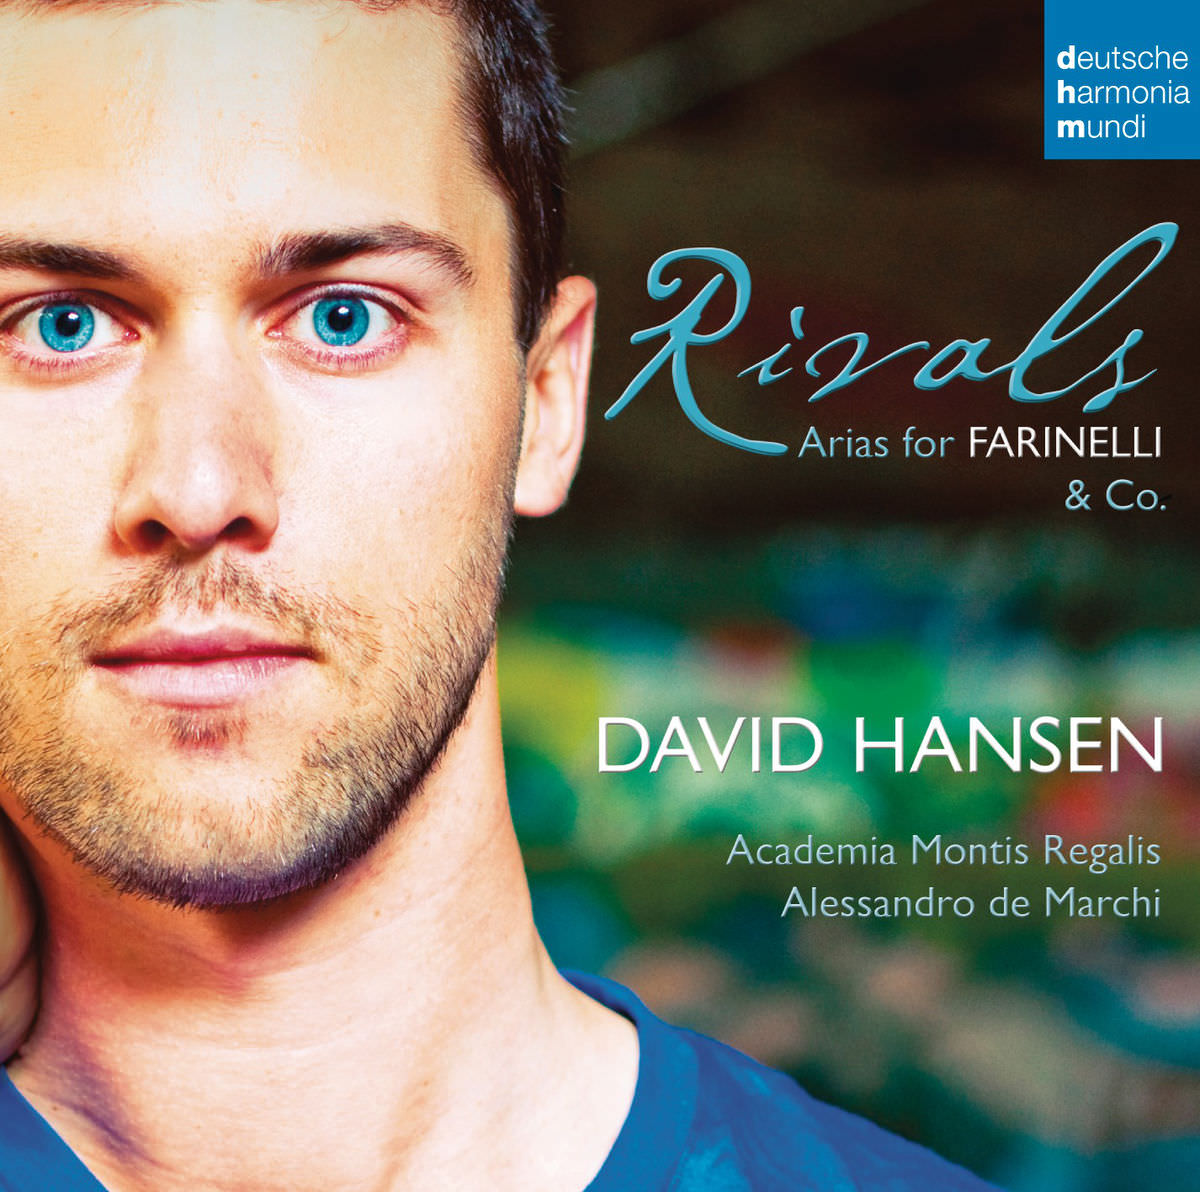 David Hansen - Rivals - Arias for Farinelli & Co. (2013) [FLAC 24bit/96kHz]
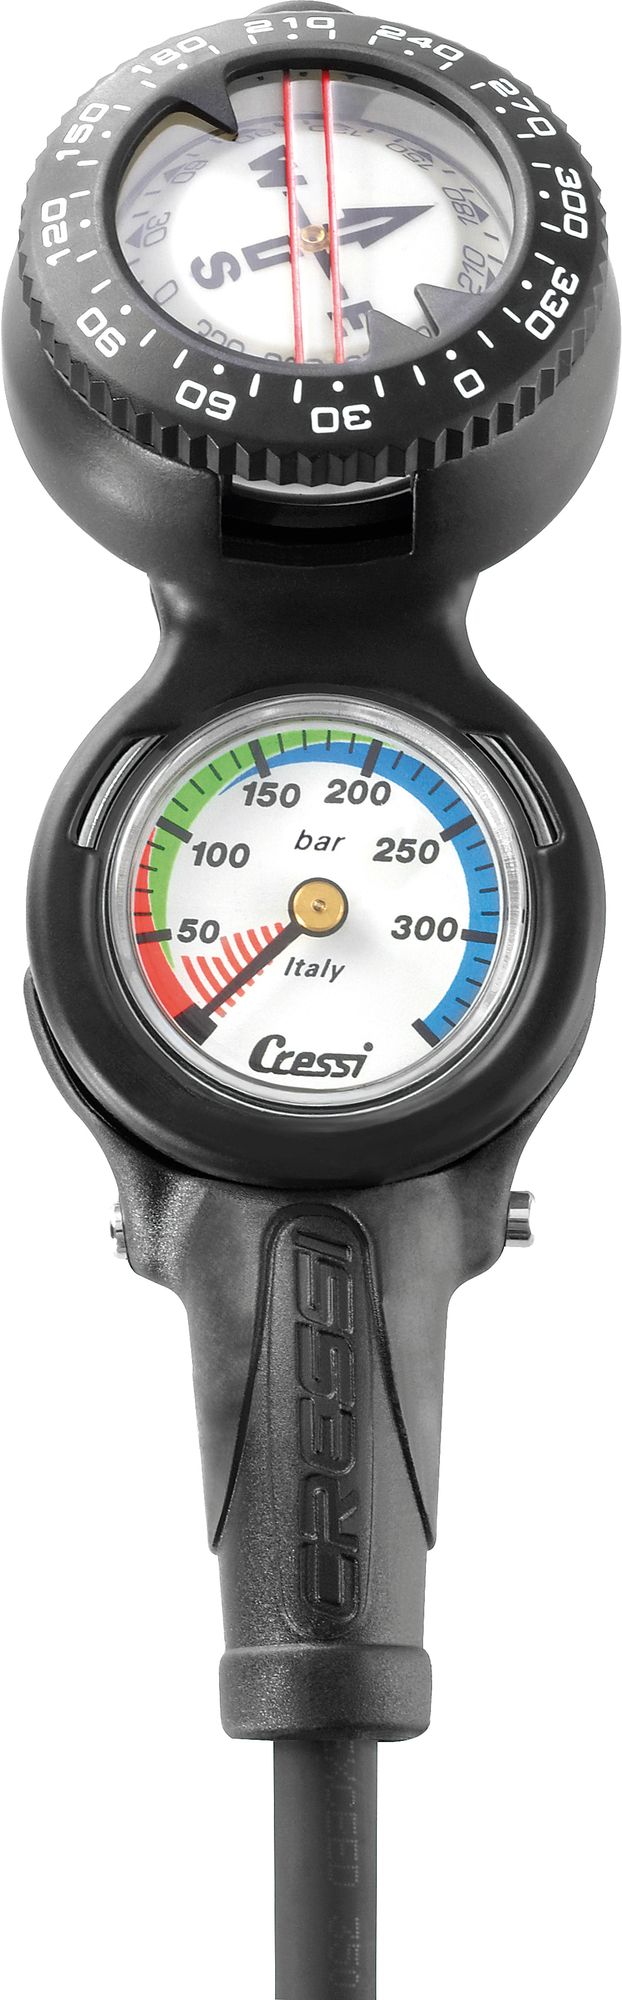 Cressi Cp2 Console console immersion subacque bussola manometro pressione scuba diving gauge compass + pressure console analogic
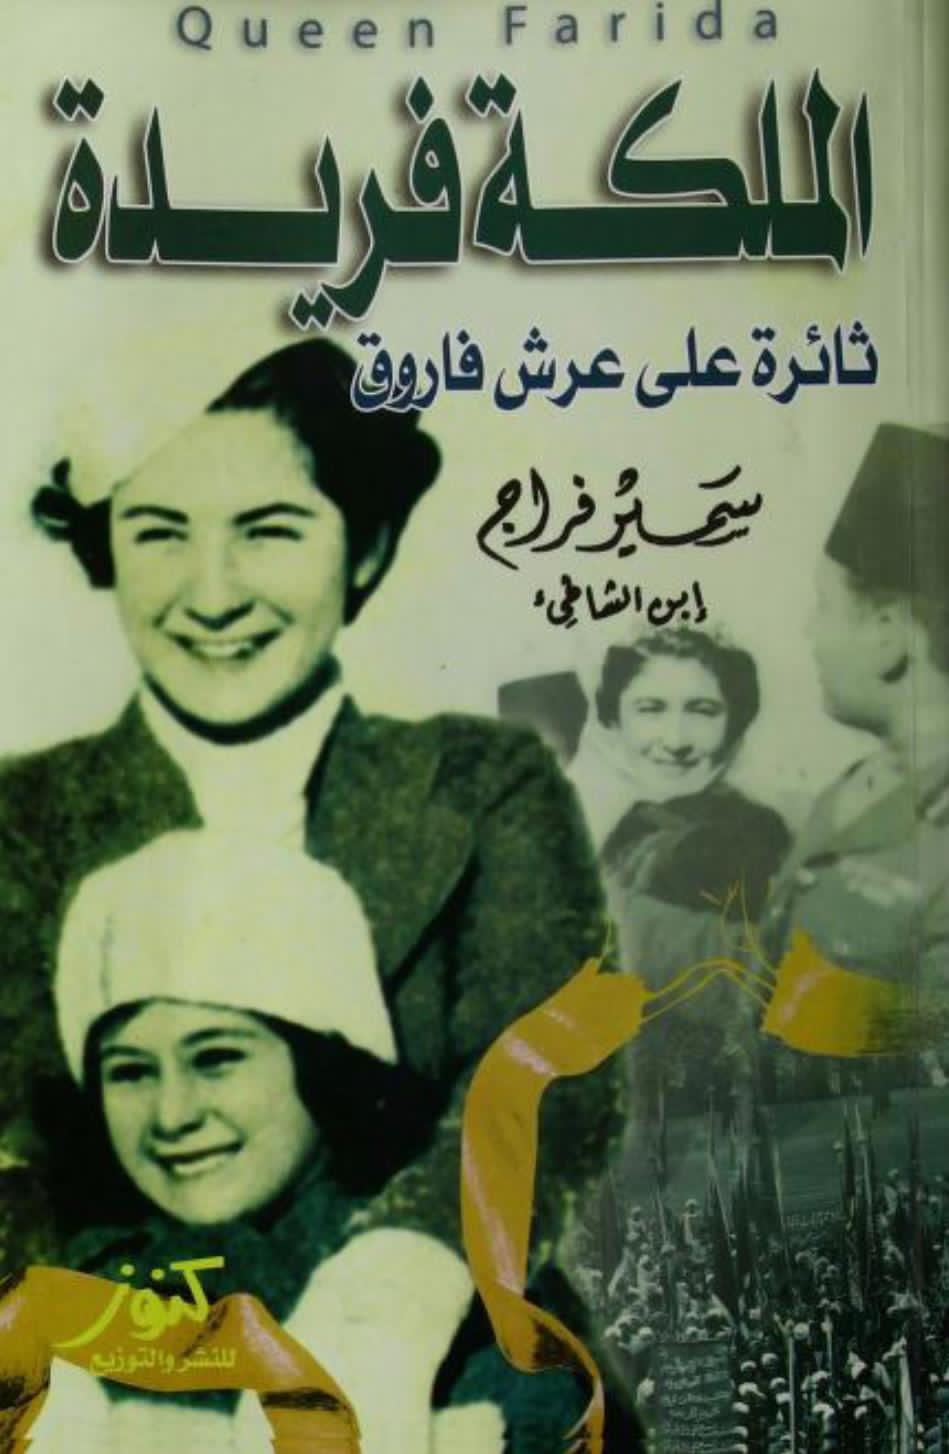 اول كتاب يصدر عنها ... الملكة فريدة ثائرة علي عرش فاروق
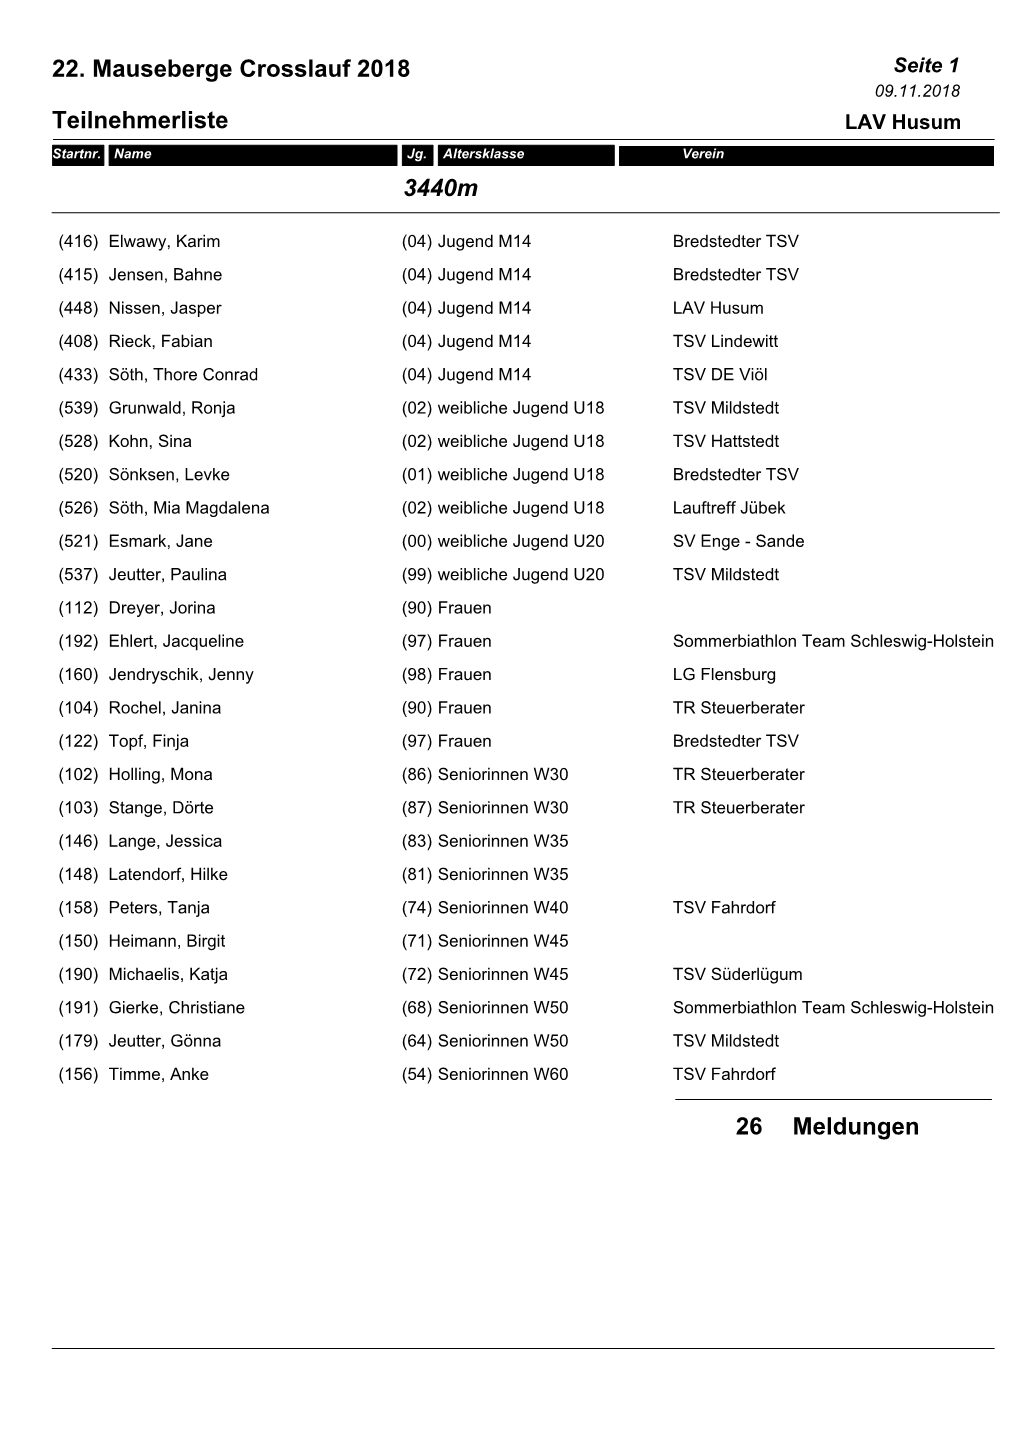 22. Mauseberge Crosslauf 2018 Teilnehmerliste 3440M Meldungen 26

YOUR TASK:
Repeat all the material above exactly, apart from the pictures.

RESPONSE BELOW:
 David Hansen - Rivals - Arias for Farinelli & Co. (2013) [FLAC 24bit/96kHz]
 Cressi Cp2 Console console immersion subacque bussola manometro pressione scuba diving gauge compass + pressure console analogic
 اول كتاب يصدر عنها ... الملكة فريدة ثائرة علي عرش فاروق
 22. Mauseberge Crosslauf 2018 Teilnehmerliste 3440M Meldungen 26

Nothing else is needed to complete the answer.